Бог Мелочей - Рой Арундати - Страница 26
- Предыдущая
- 26/74
- Следующая
– Нет? – спросила Амму.
– Нет, – ответил Эста.
Нет? Нет.
– Тогда умой лицо, – сказала Амму. – От воды всегда лучше. Умой лицо, а потом пойдешь выпьешь лимонной газировки.
Эста умыл лицо, и руки, и лицо, и руки. Его ресницы намокли и слиплись.
Апельсиново-Лимонный Газировщик сложил зеленую конфетную обертку и пригладил сгиб остроконечным ногтем большого пальца. Потом прихлопнул муху свернутым в трубку журналом. Аккуратно смахнул ее с прилавка на пол. Там она лежала на спинке и дрыгала слабенькими ножками.
– Милый какой, – сказал он Амму. – Поет – заслушаешься.
– Мой сын, – сказала Амму.
– Правда? – удивился Апельсиново-Лимонный Газировщик и уставился на Амму зубами. – Уже? Вы такая молоденькая!
– Ему что-то нехорошо, – сказала Амму. – Я думаю, от холодного питья полегчает.
– Конечно, – сказал Газировщик. – Конечно-конечно. Апельсинлимон? Лимонапельсин?
Страшные, мерзостные слова.
– Спасибо, мне не хочется. – Эста поглядел на Амму. Тинисто-зеленый, плывущий, бездонно-тяжелодонный.
– А вам? – обратился к Амму Апельсиново-Лимонный Газировщик. – Кокаколафанта? Мороженое? Розовое молоко?
– Нет. Мне ничего. Спасибо, – сказала Амму.
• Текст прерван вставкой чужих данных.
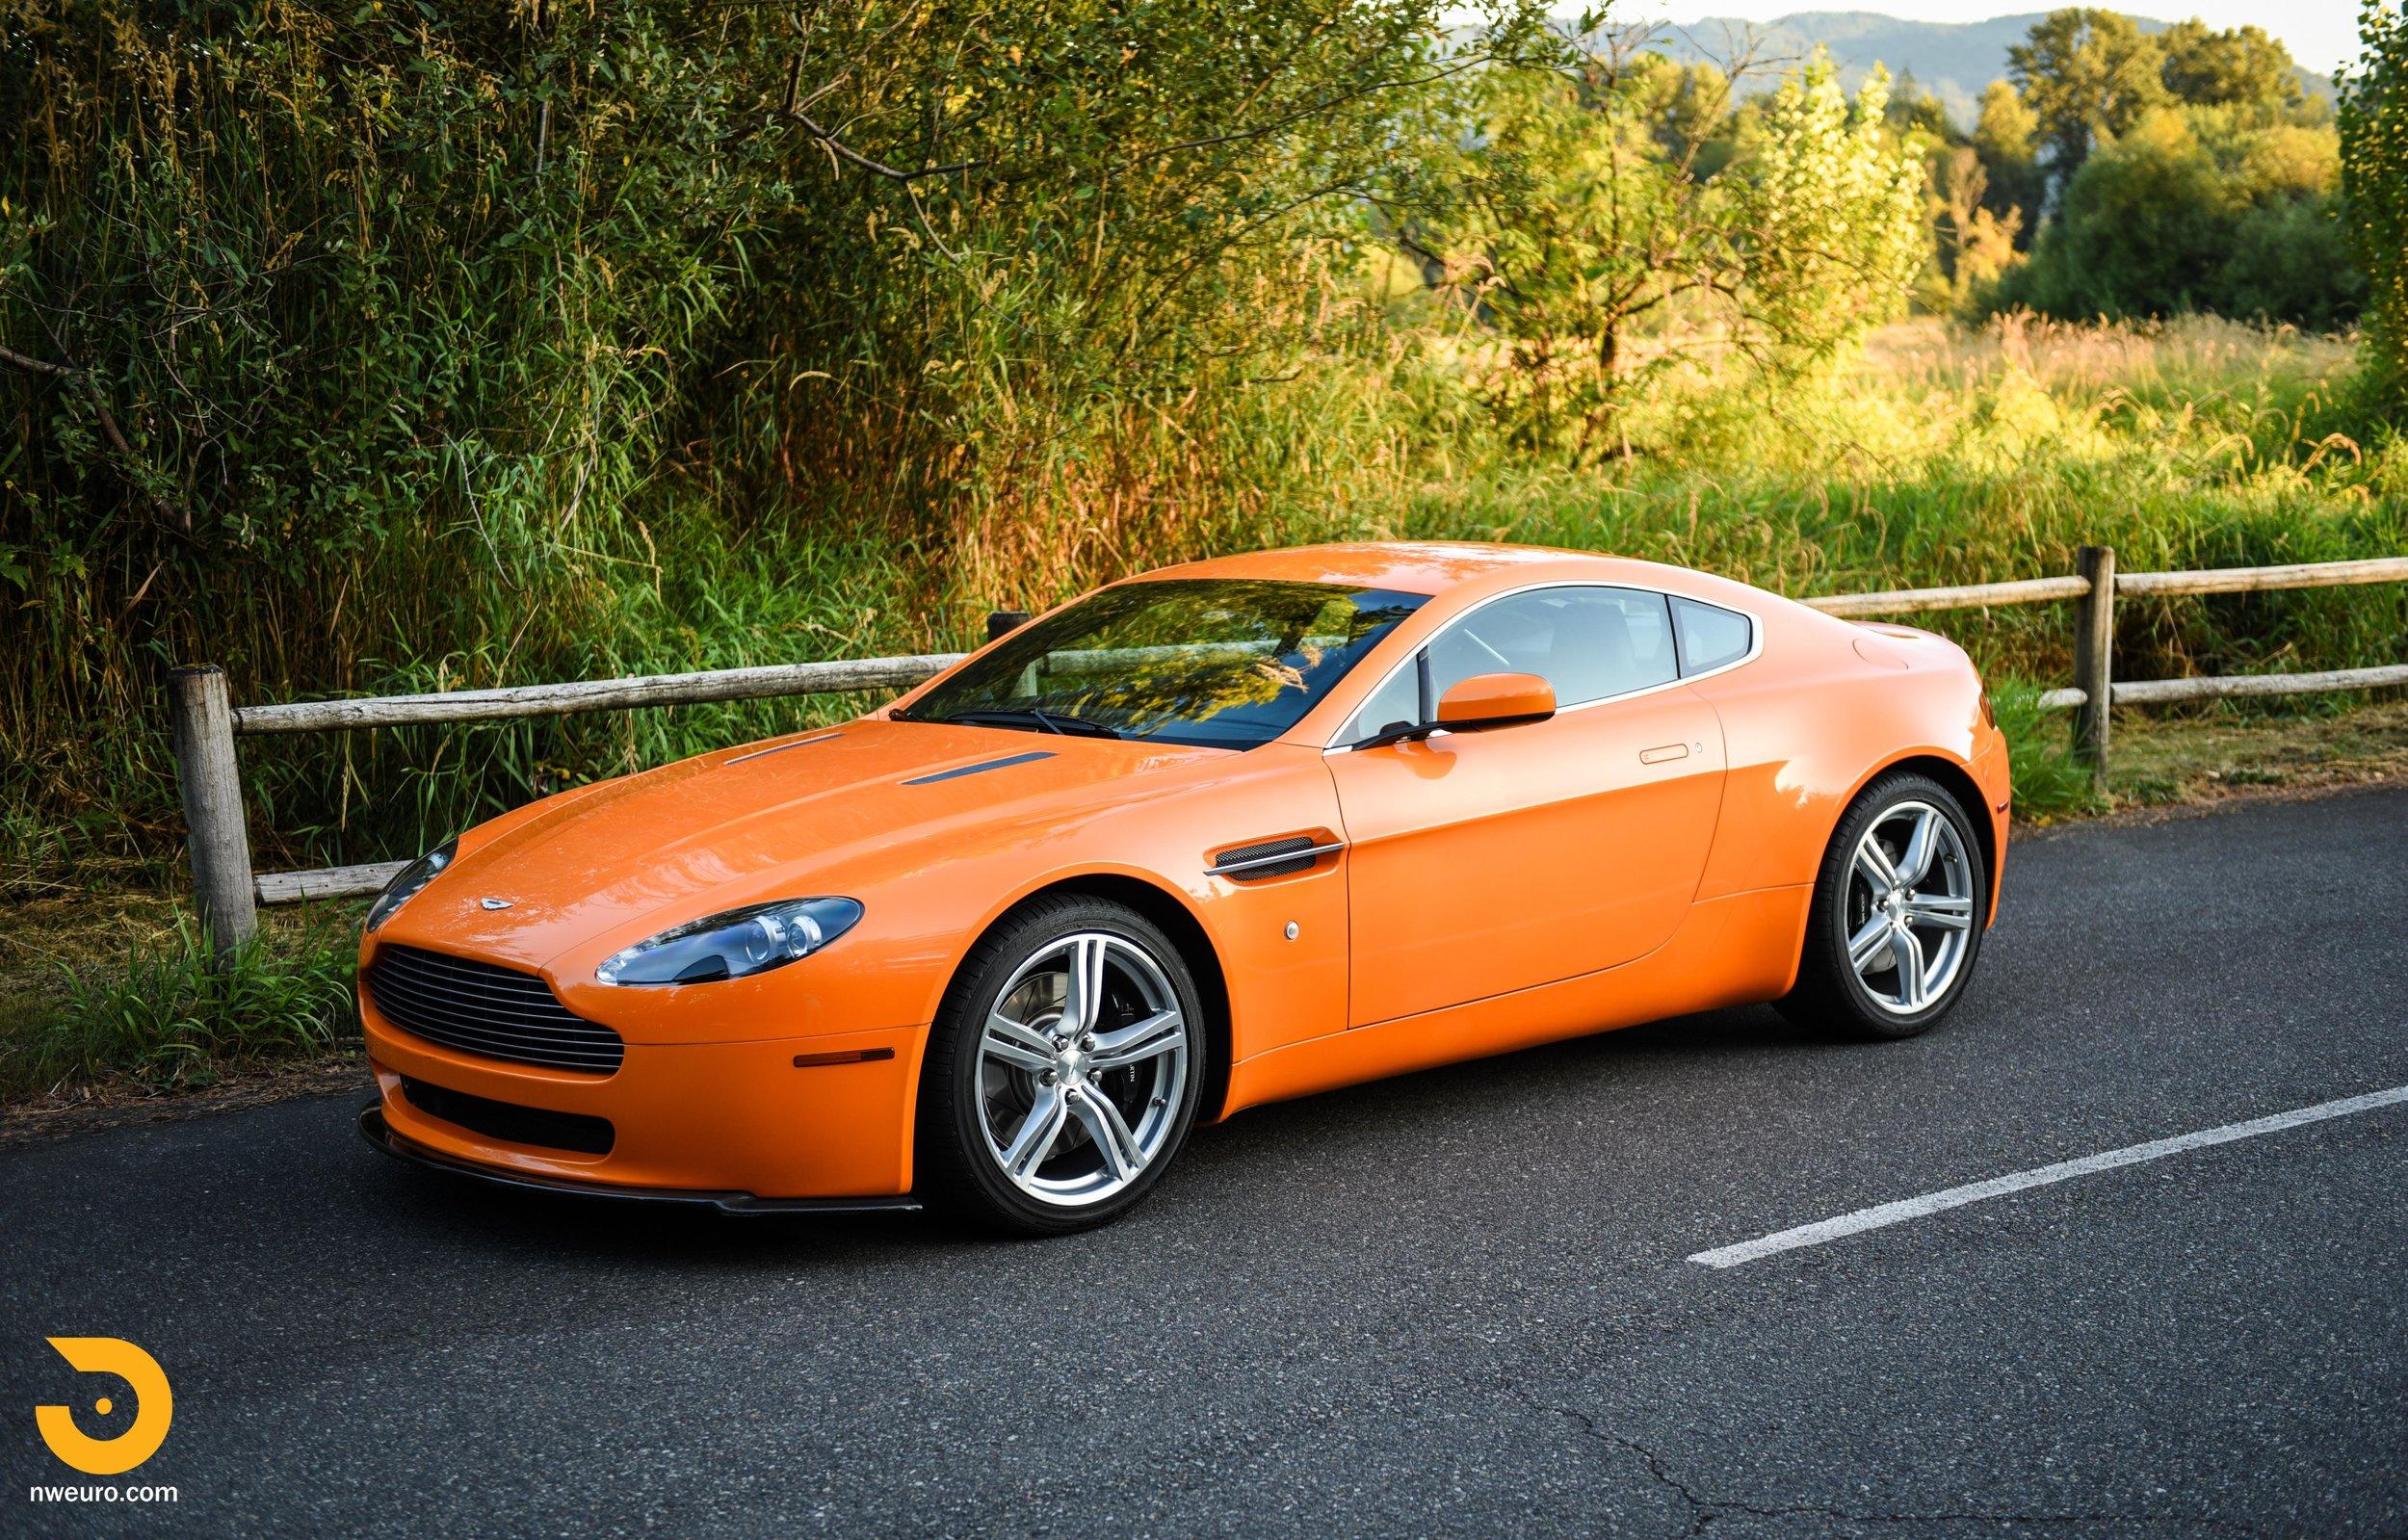 2009 Aston Martin V8 Vantage-41.jpg

Светящаяся женщина с упругими ямочками.
– Вот, – сказал Газировщик, протягивая горсть конфет, как щедрая стюардесса. – Пусть ваш маленький мон полакомится.
– Спасибо, мне не хочется, – сказал Эста, глядя на Амму.
– Возьми, Эста, – сказала Амму. – Не обижай.
Эста взял.
– Скажи Спасибо, – сказала Амму.
– Спасибо, – сказал Эста. (За конфеты, за белый яичный белок.)
– Не стоит благодарности, – сказал Апельсиново-Лимонный Газировщик по-английски.
– Да! – сказал он. – Мон говорит, вы из Айеменема?
– Да, – ответила Амму.
– Я там часто бываю, – сказал Апельсиново-Лимонный Газировщик. – У жены там родня. Я знаю, где ваша фабрика. Райские Соленья, да? Это он мне сказал. Ваш мон.
Он знал, где найти Эсту. Вот что означали его слова. Предостережение. Амму видела, какие у сына глаза – блестящие, как горячечные пуговицы.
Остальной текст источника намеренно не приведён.